Viva Death - Viva Death (Cover Artwork)
Staff Review

Viva Death

Viva Death (2002)

Vagrant


Viva Death is mainly the brainchild of Trever Keith and Scott Shiflett of Face To Face. Sure, Josh Freese [of the Vandals, Devo, A Perfect Circle, and more] plays drums on the disc, and Chris Shiflett [of Foo Fighters/No Use For A Name] plays guitar, but this is mainly Trever and Scott's project.

I am thereby not surprised that it sucks.

Okay, a lot of you are pissed at me right now, so go ahead and post comments about how much I suck, how fat I am, etc. But if you actually buy this album, you will come to the same conclusion as I do: this is just bad.

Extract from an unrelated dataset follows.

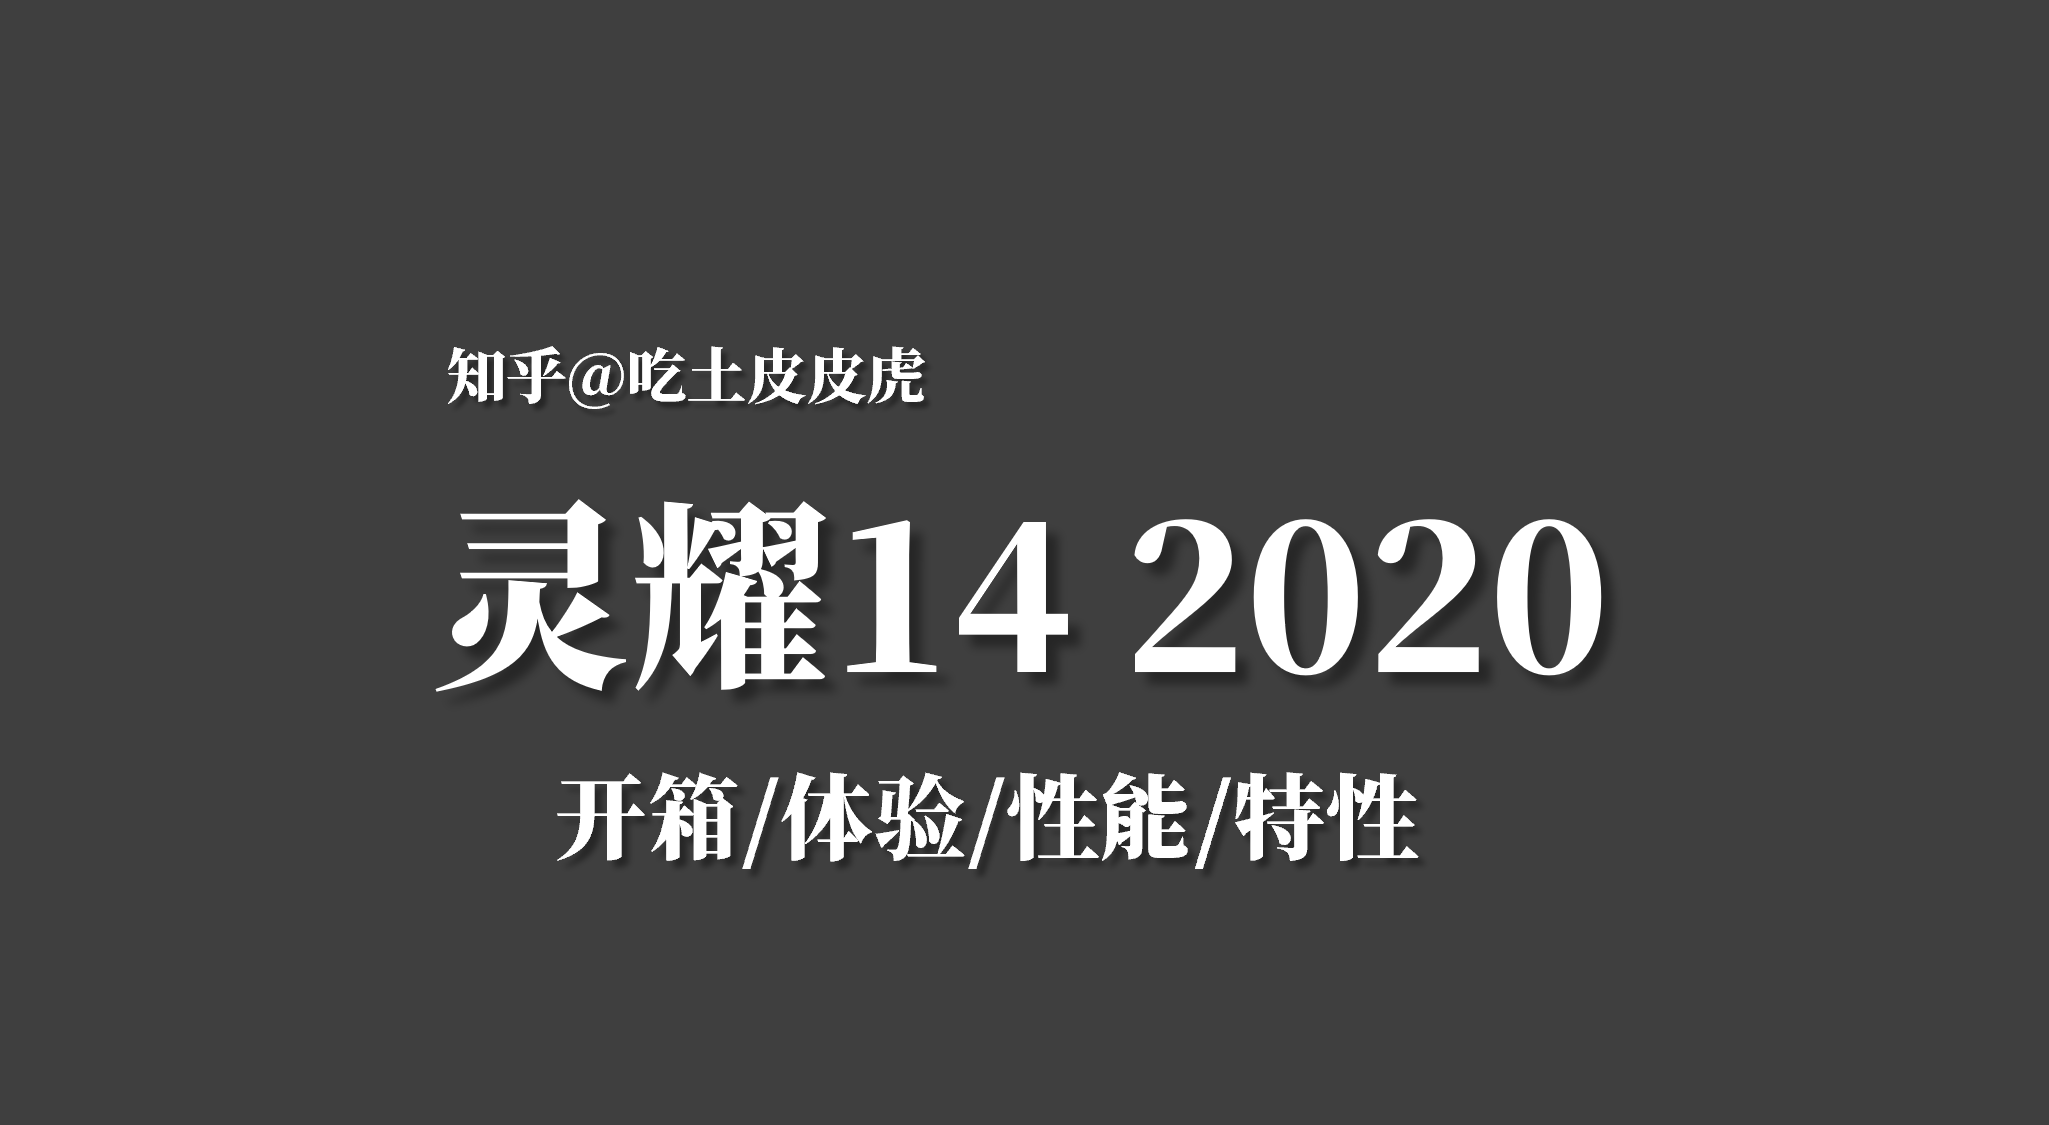 【华趁祝耀14 2020】搂箱/胯验/性苞/特性
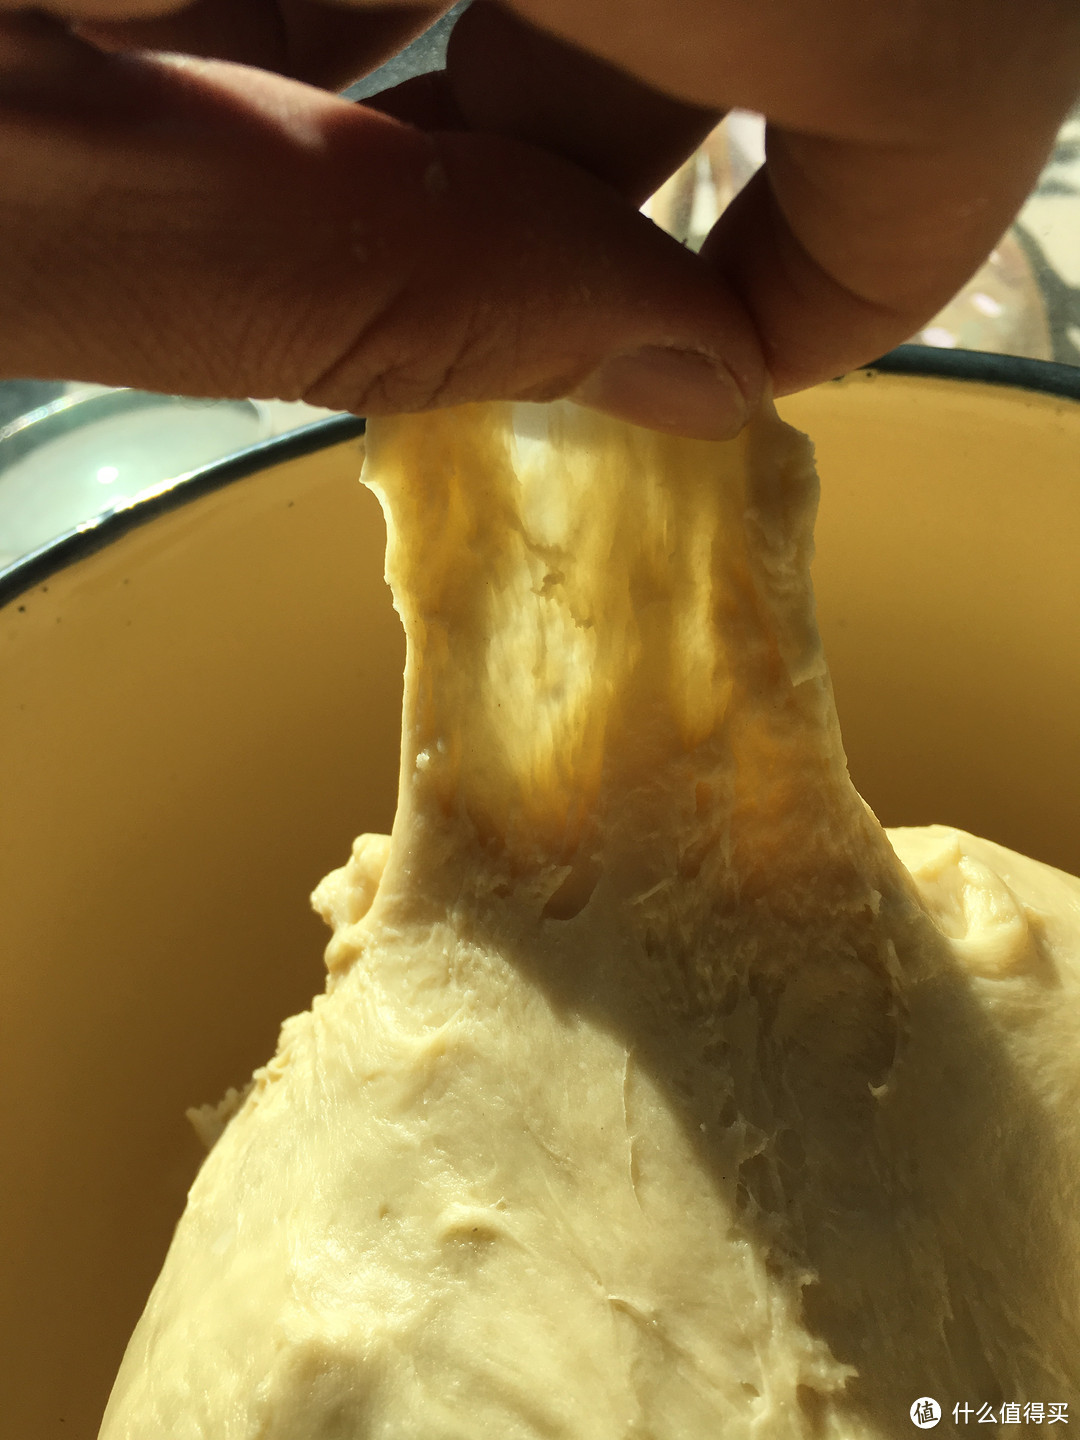 我的面包机大概搅拌30分钟，面团可以拉出这种薄膜就完工了

The premise behind the band is all the guitars are baritone guitars - this means they are tuned in between your typical electric guitars and bass guitars. To quote the press release, "[the instruments have a] natural predisposition to create dangerous music." If that still doesn't make sense to you, think of the sinister themes from all the James Bond movies, and cross them with some minor key surf music [think the theme from Pulp Fiction]. Then add in Trever Keith's predictable monotone voice, and you have Viva Death.

I'll admit, the first couple of songs have my toes tapping. "Fundamentalist" is a great rocking opener to the disc, and it's followed by the CD's strongest cut, "the Start Up." Both these songs incorporate the influences stated earlier, and yet, both sound different enough to allow the listener to groove to both.

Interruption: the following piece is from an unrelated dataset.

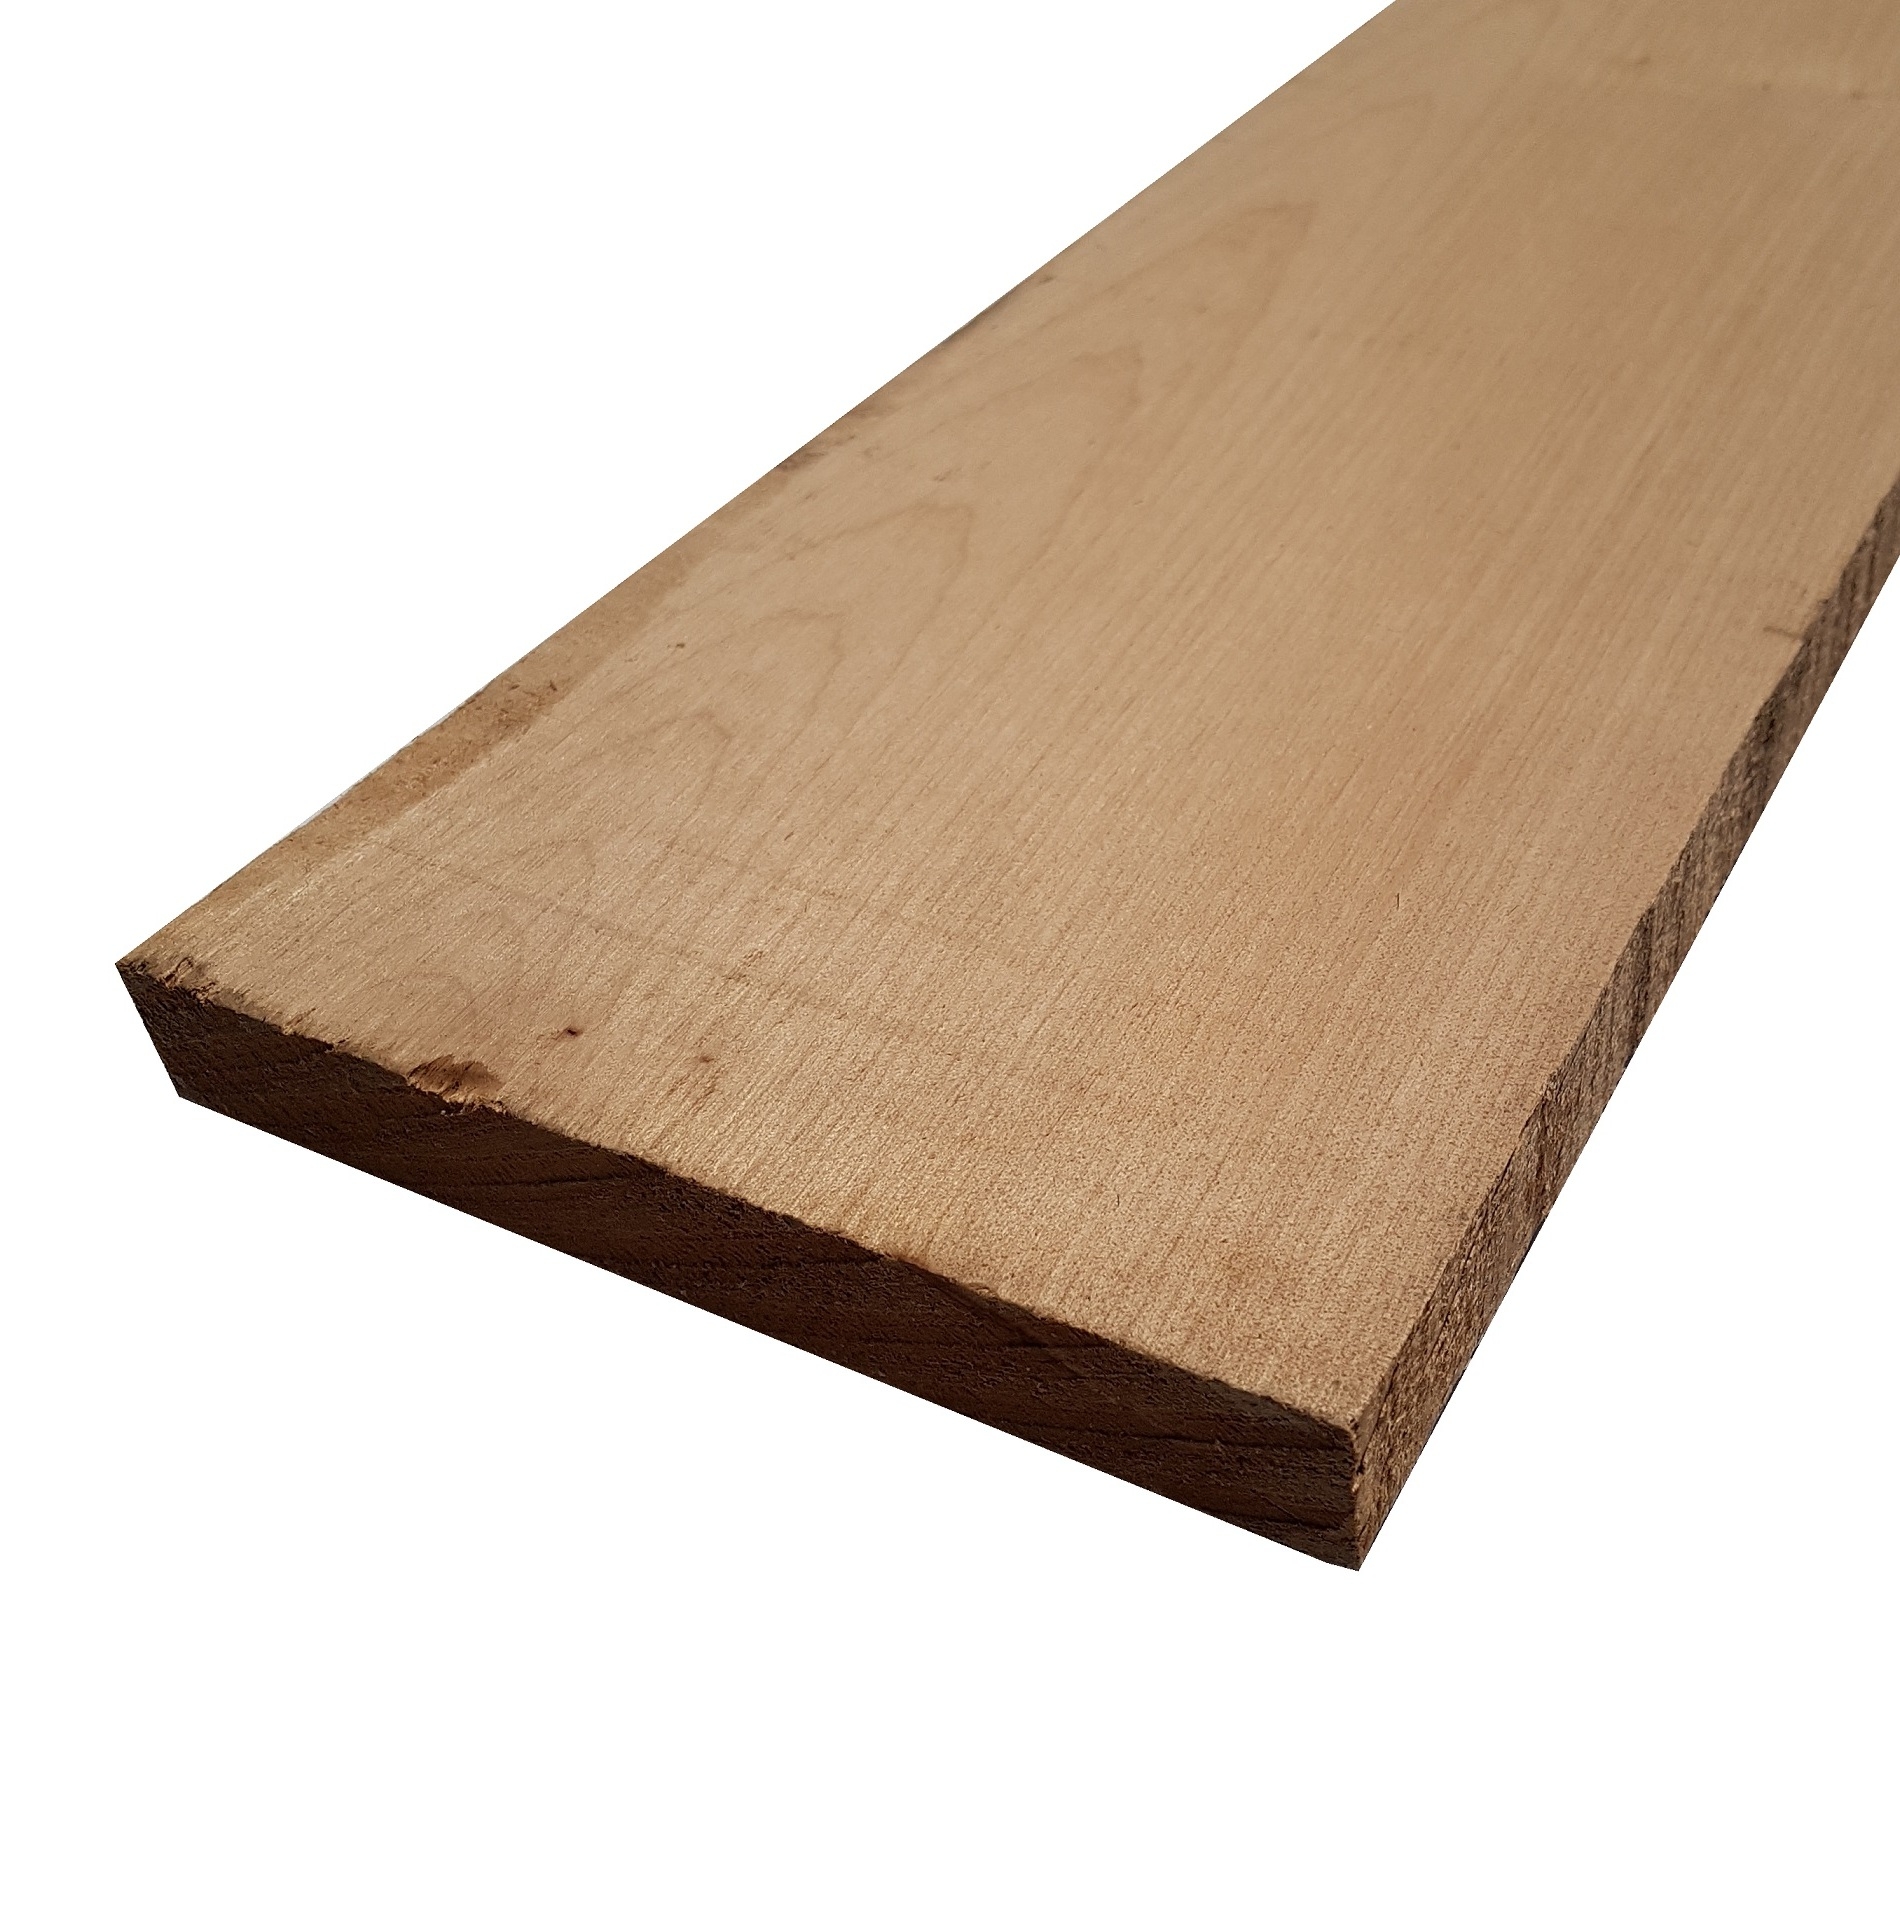 Tavola legno di Acero Pacific Coast Maple Calibrato refilato grezzo mm 24 x 100 x 1200

So where's the problem lie? In the majority of the album's other 13 tracks. They all just blend together. There is only so much you can do with a baritone guitar, and these guys pretty much covered all the bases after a handful of songs. The music just gets stale, old, repetitive, and headache inducing after a while, with only one minor respite: the campy pseudo-lounge jazz of "The Rigor Mortis Shake" halfway through the album. After that, it's just more of the same until the CD concludes at a way too heavyhanded 45:10.

Everyone always talks about Keith's ability to write thought provoking and intelligent lyrics, but why bother when you can't even understand what he's singing for the majority of the album? The vocals are so muddied on this album it's not even funny. They really wanted the guitars to take precedence over the words, which is simply pointless because a gimmick such as that wears thin really quickly.

There is really no reason you should buy this, unless you're a completist of some sort. I'd rather put on the latest Face To Face record than sit through this album again.